What this task involves> Except for images, print the whole listing verbatim.

Raw data>
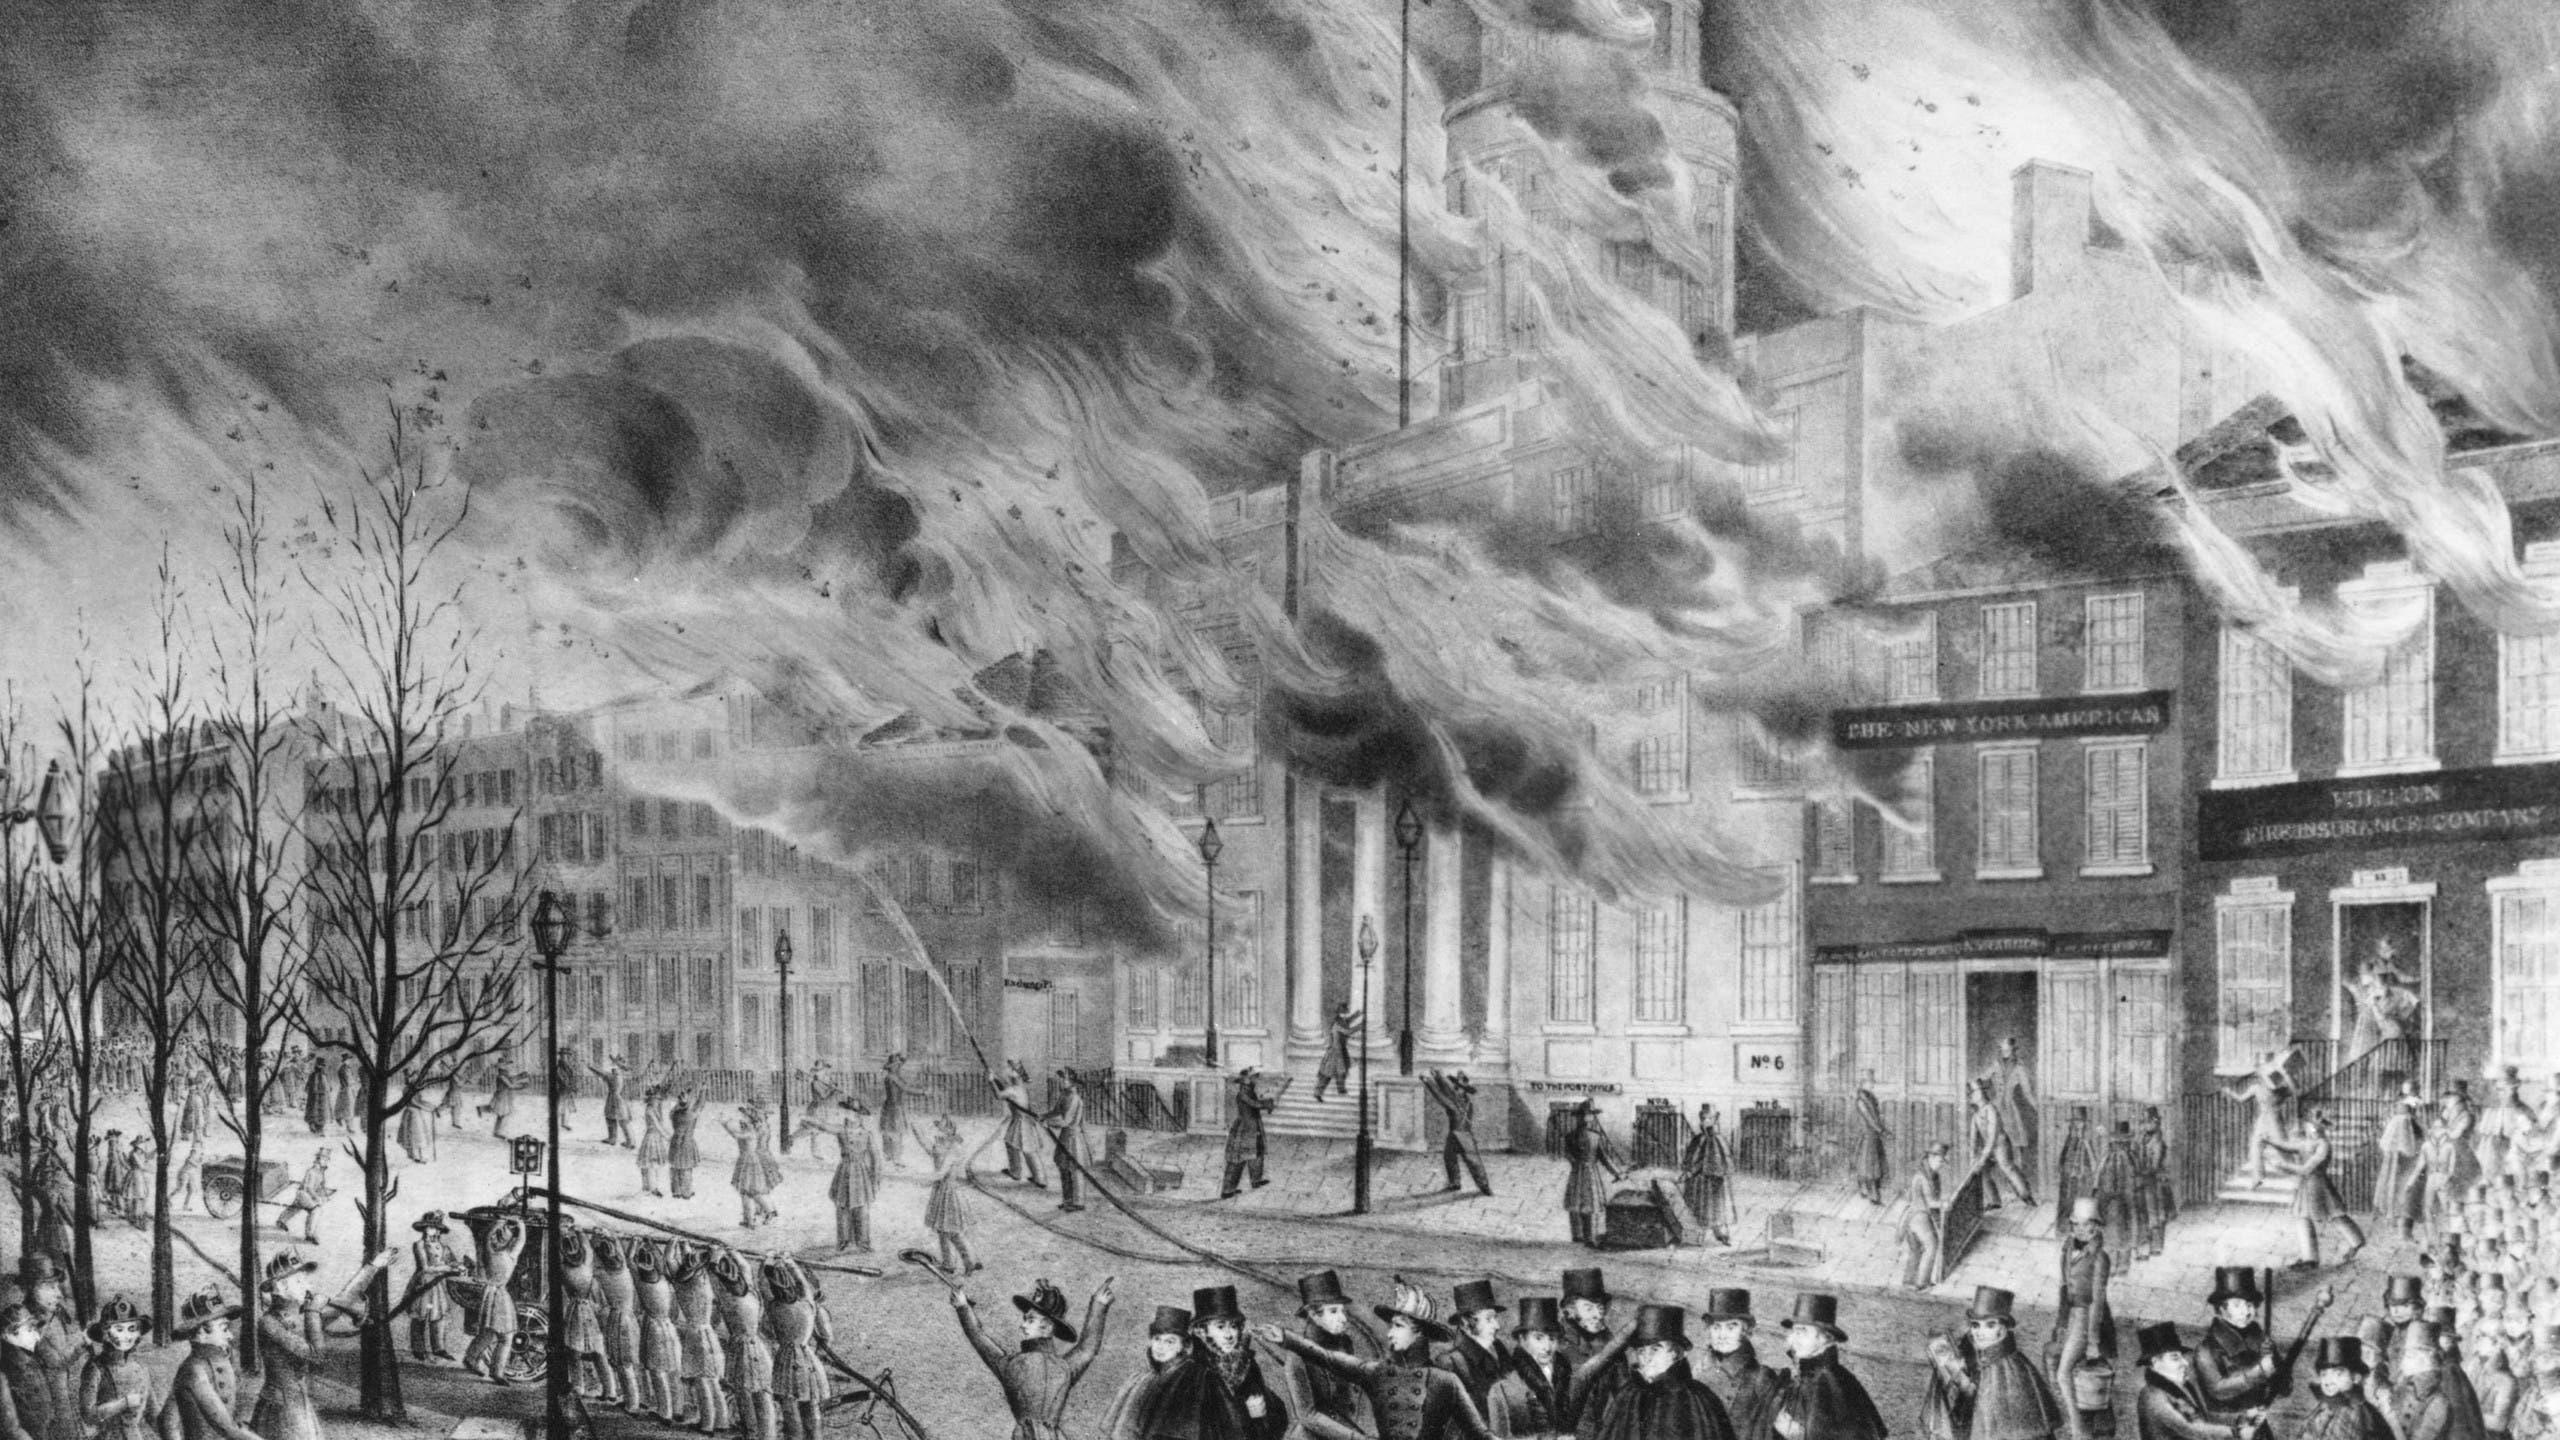 لوحة تجسد أحد الحرائق بنيويورك
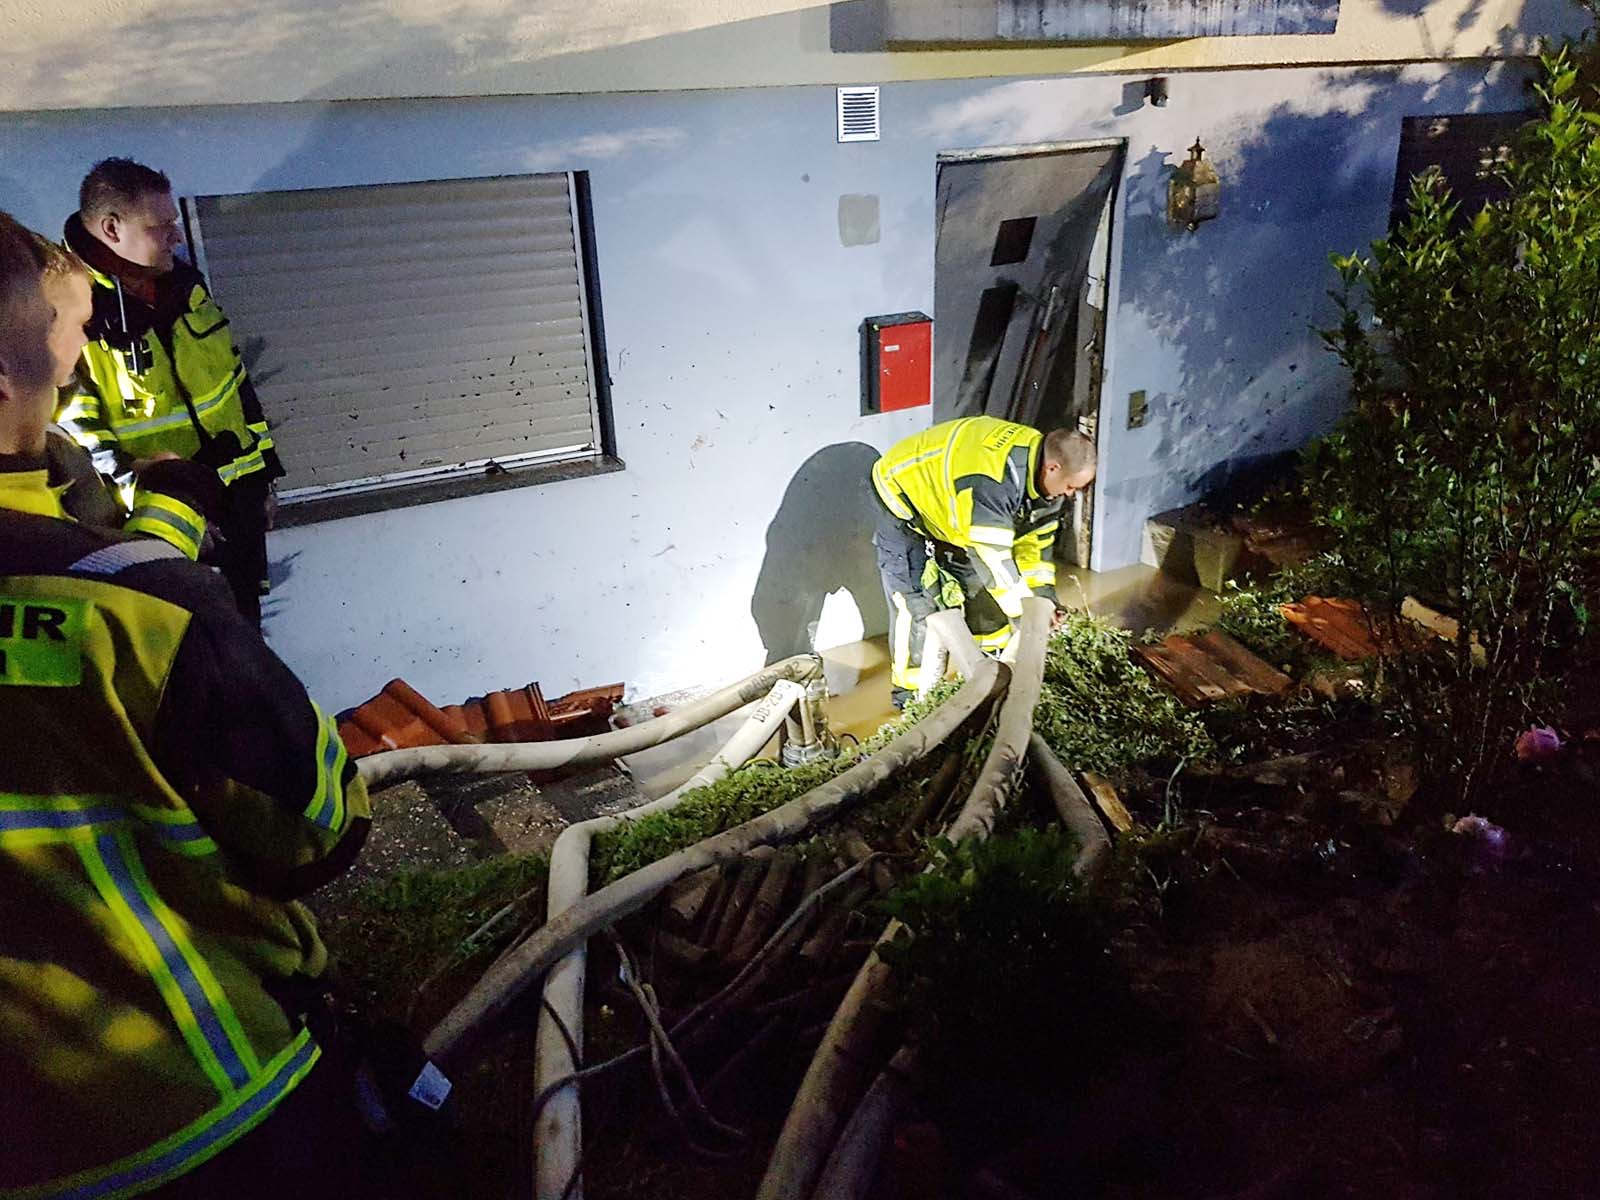 Feuerwehreinsatz bei einem vollgelaufenen Keller
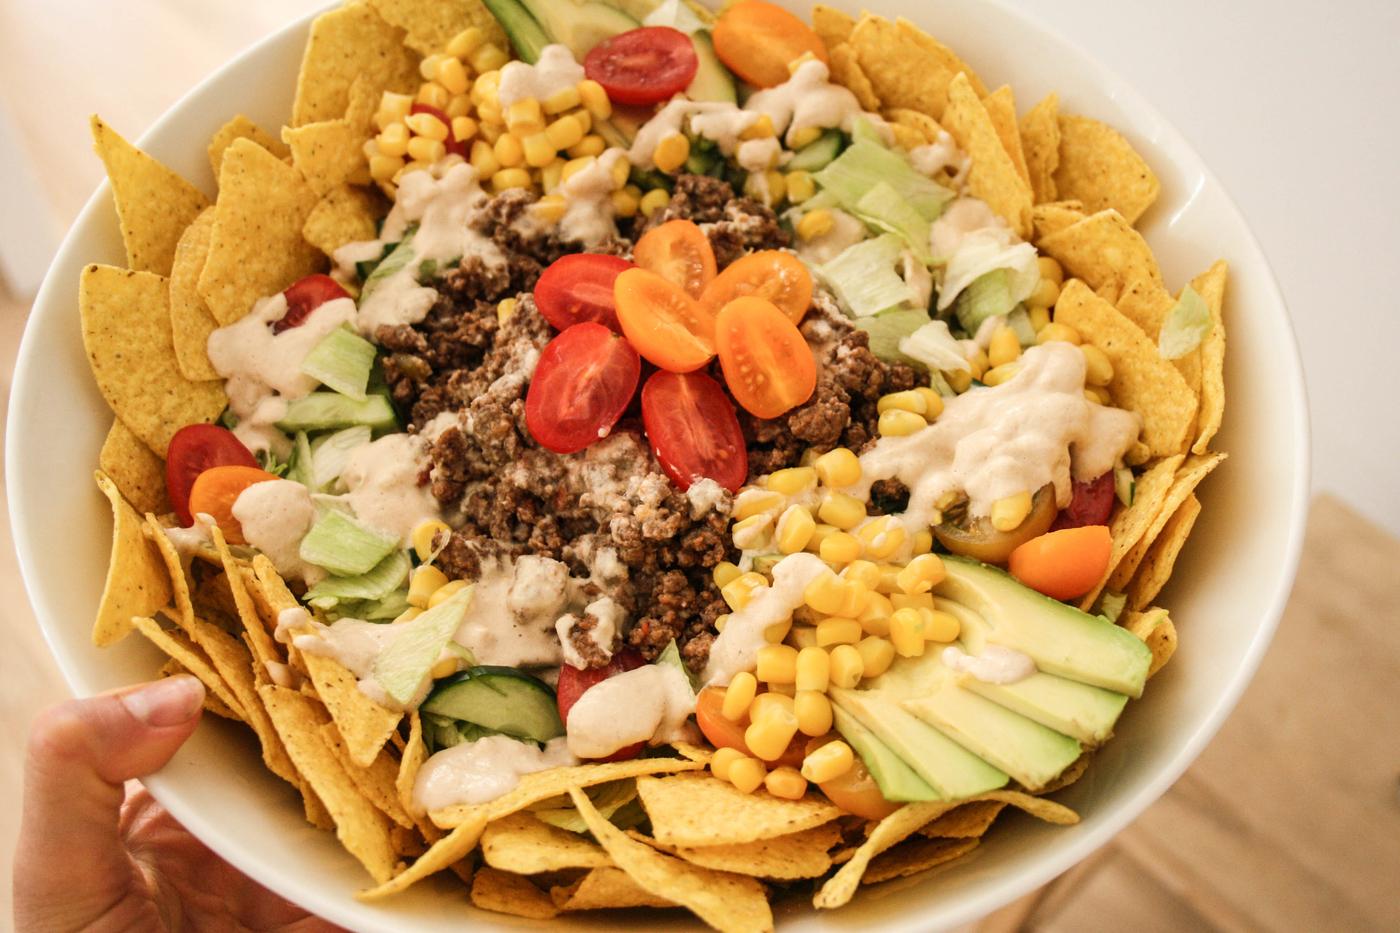 KLASSIKKO: texmex-salaatti (+maidoton kastike)

Solution to this exercise>
 لوحة تجسد أحد الحرائق بنيويورك
 Feuerwehreinsatz bei einem vollgelaufenen Keller
 KLASSIKKO: texmex-salaatti (+maidoton kastike)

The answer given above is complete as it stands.